Reaganomics (a portmanteau of [Ronald] Reagan and economics attributed to Paul Harvey)[1] refers to the economic policies promoted by U.S. President Ronald Reagan during the 1980s. These policies are commonly associated with supply-side economics, referred to as trickle-down economics or voodoo economics by political opponents, and free-market economics by political advocates.


## Viewing Matches
There are a few ways to fetch the text surrounding a match. The simplest is to grab a slice of tokens from the doc that is wider than the match:

In [23]:
doc3[665:685]  # Note that the fifth match starts at doc3[673]

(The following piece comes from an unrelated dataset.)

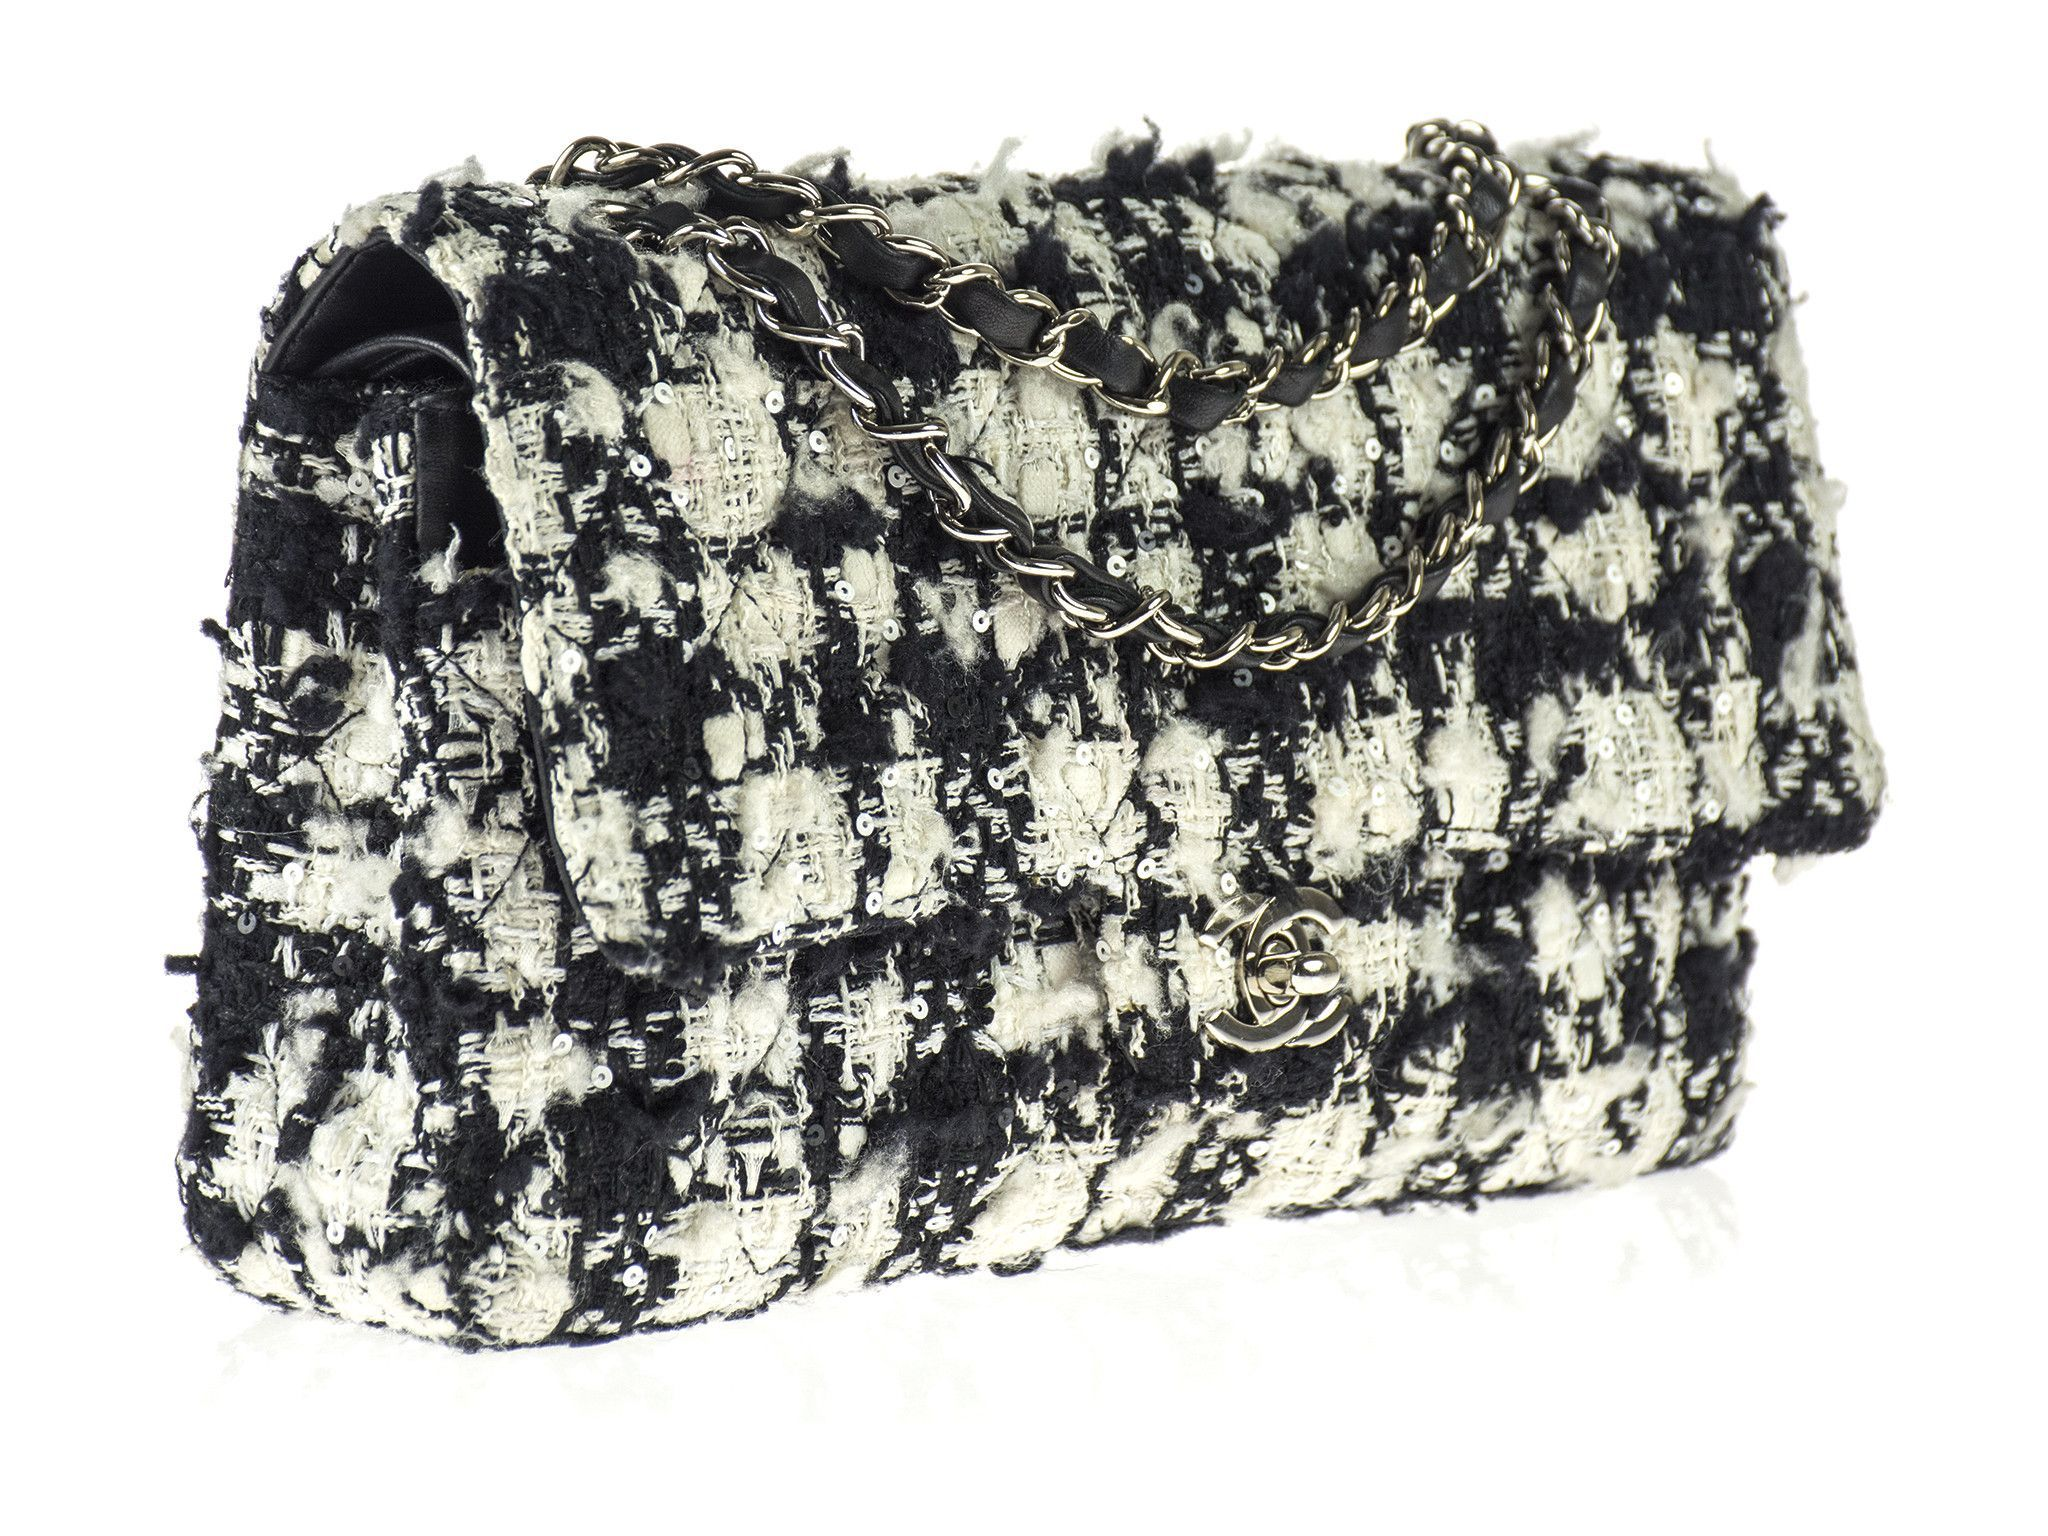 Chanel Black & White Tweed 2.55 Double Flap Bag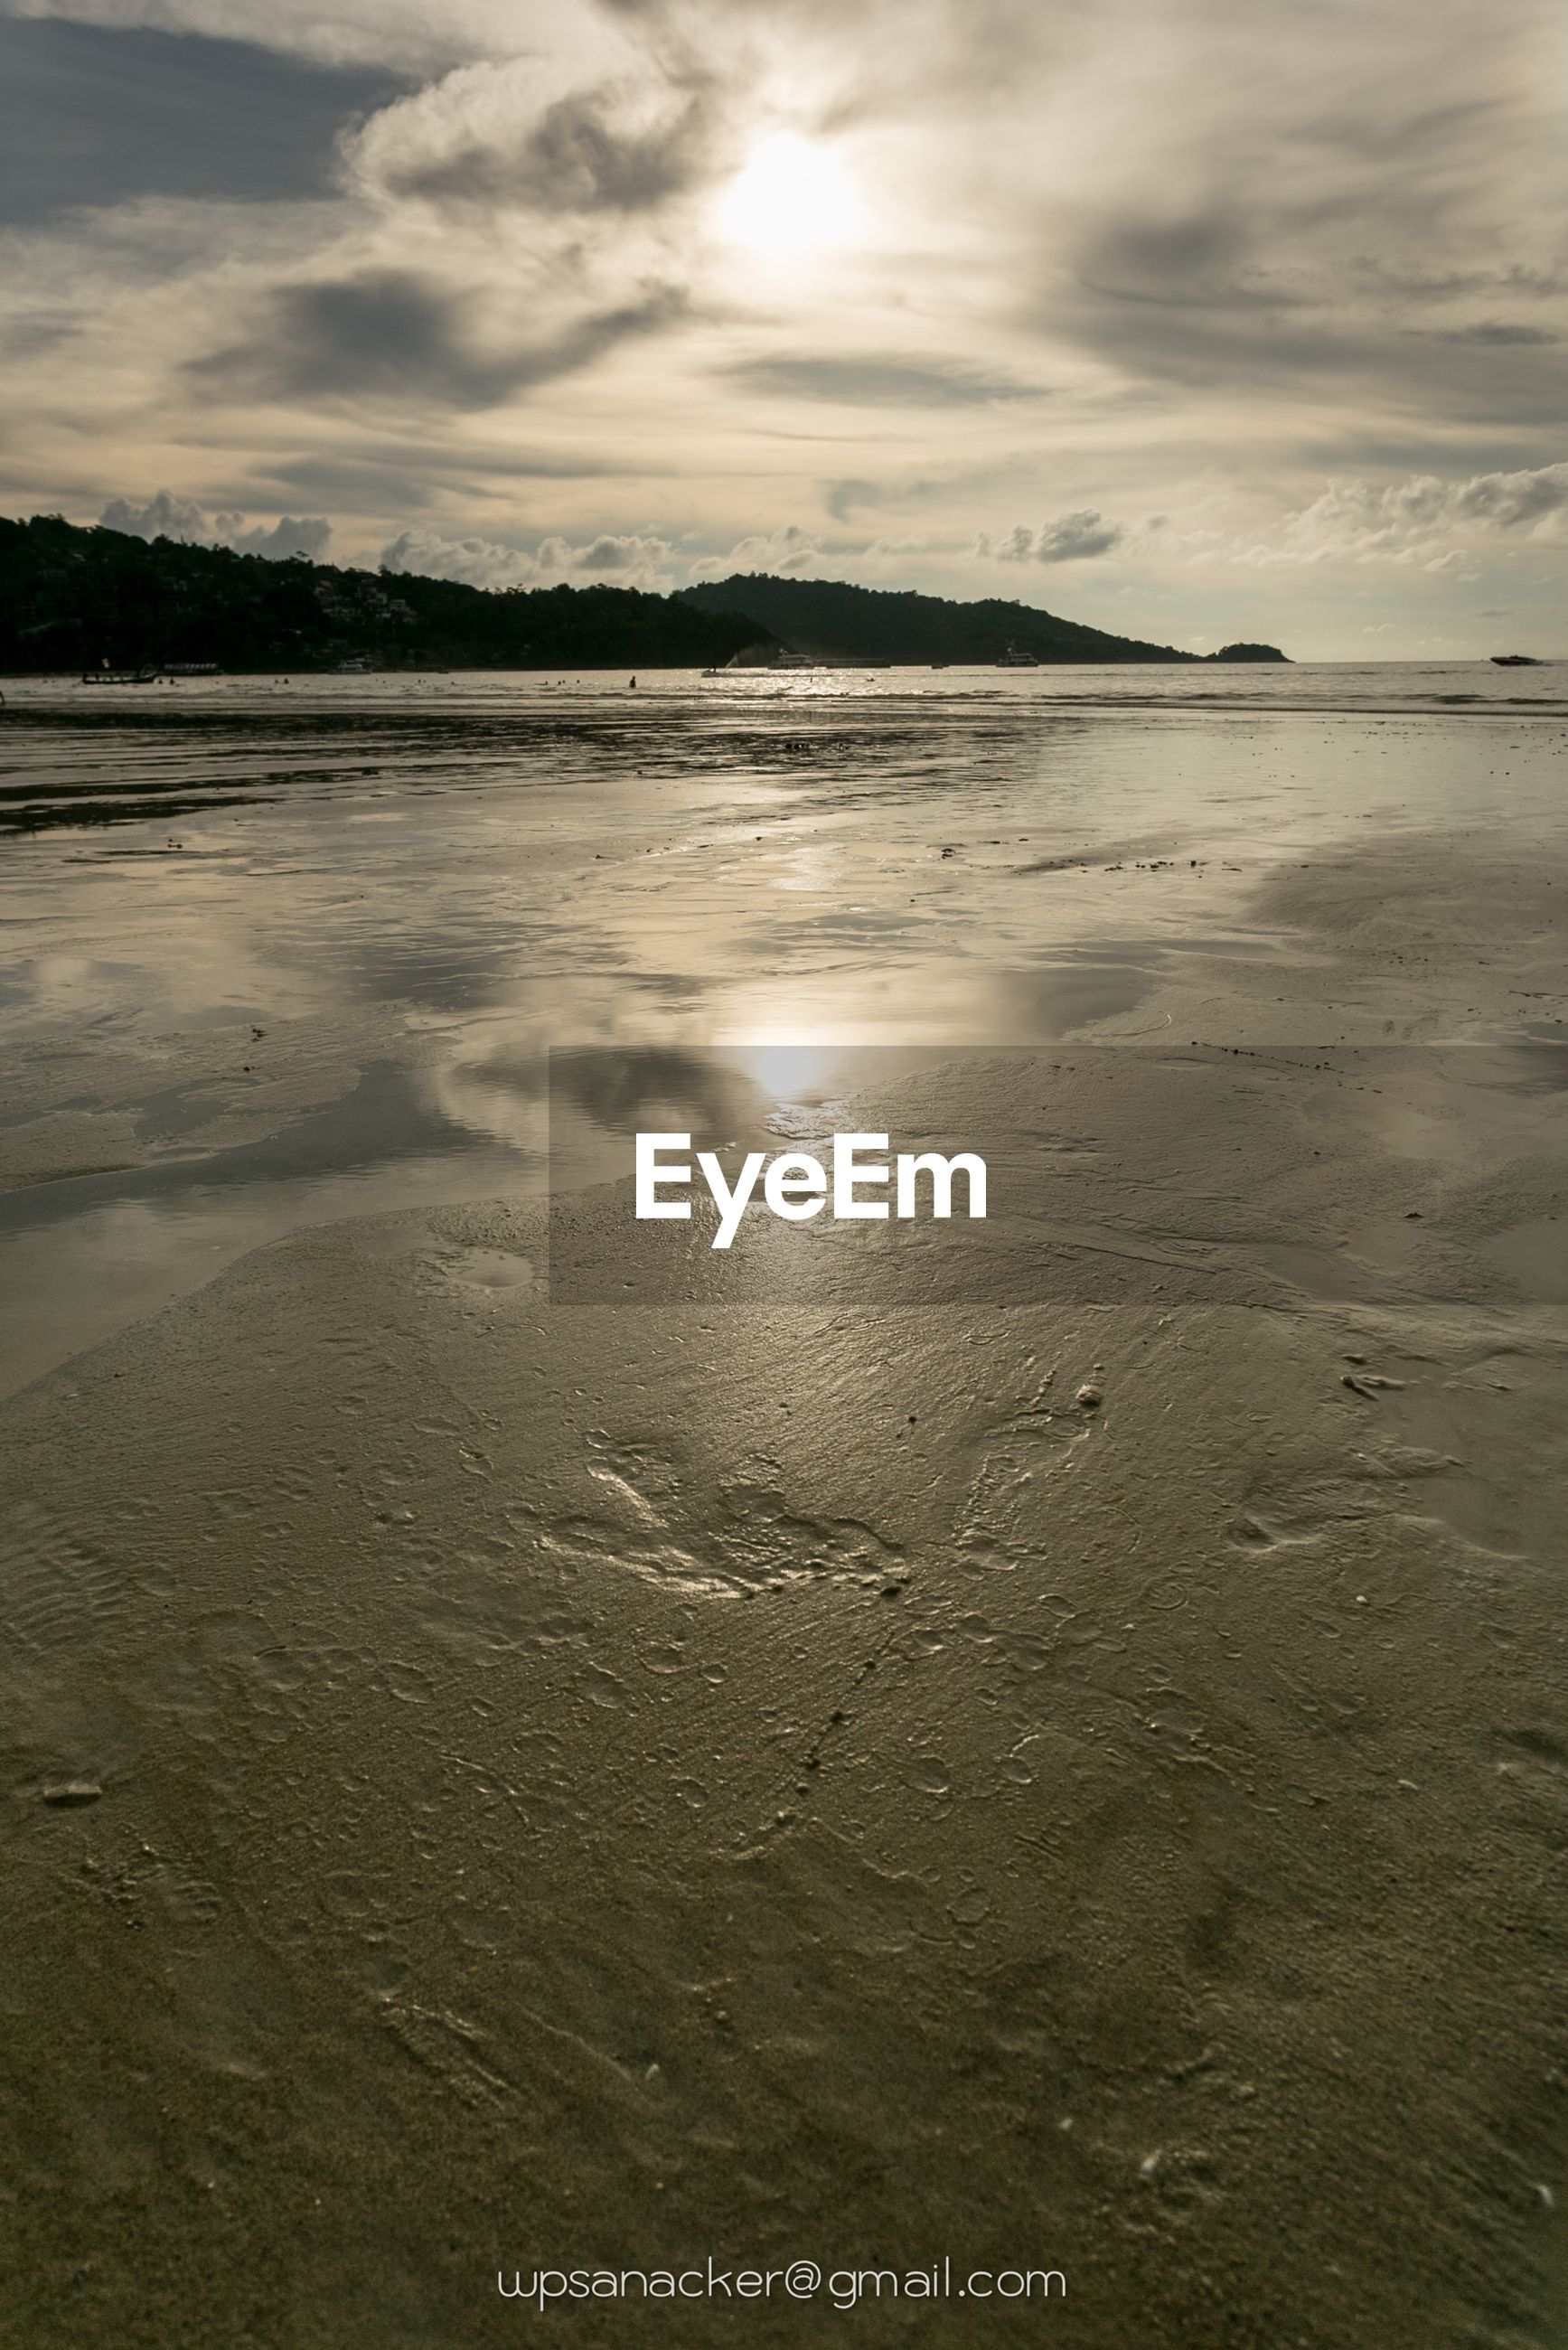 water, sun, tranquil scene, tranquility, sky, scenics, reflection, beauty in nature, beach, sunset, sea, sunlight, cloud - sky, nature, sunbeam, shore, idyllic, sand, waterfront, cloud

same time he attracted a following from the supply-side economics movement, which formed in opposition to Keynesian

In [24]:
doc3[2975:2995]  # The sixth match starts at doc3[2985]

lawsuits against institutions.[66] His policies became widely known as "trickle-down economics", due to the

Another way is to first apply the `sentencizer` to the Doc, then iterate through the sentences to the match point:

In [25]:
# Build a list of sentences
sents = [sent for sent in doc3.sents]

# sentences contain start and end token values:
print(sents[0].start, sents[0].end)

0 35


In [26]:
# Iterate over the sentence list until the sentence end value exceeds a match start value:
for sent in sents:
    if matches[4][1] < sent.end:  # this is the fifth match, that starts at doc3[673]
        print(sent)
        break

At the same time he attracted a following from the supply-side economics movement, which formed in opposition to Keynesian demand-stimulus economics.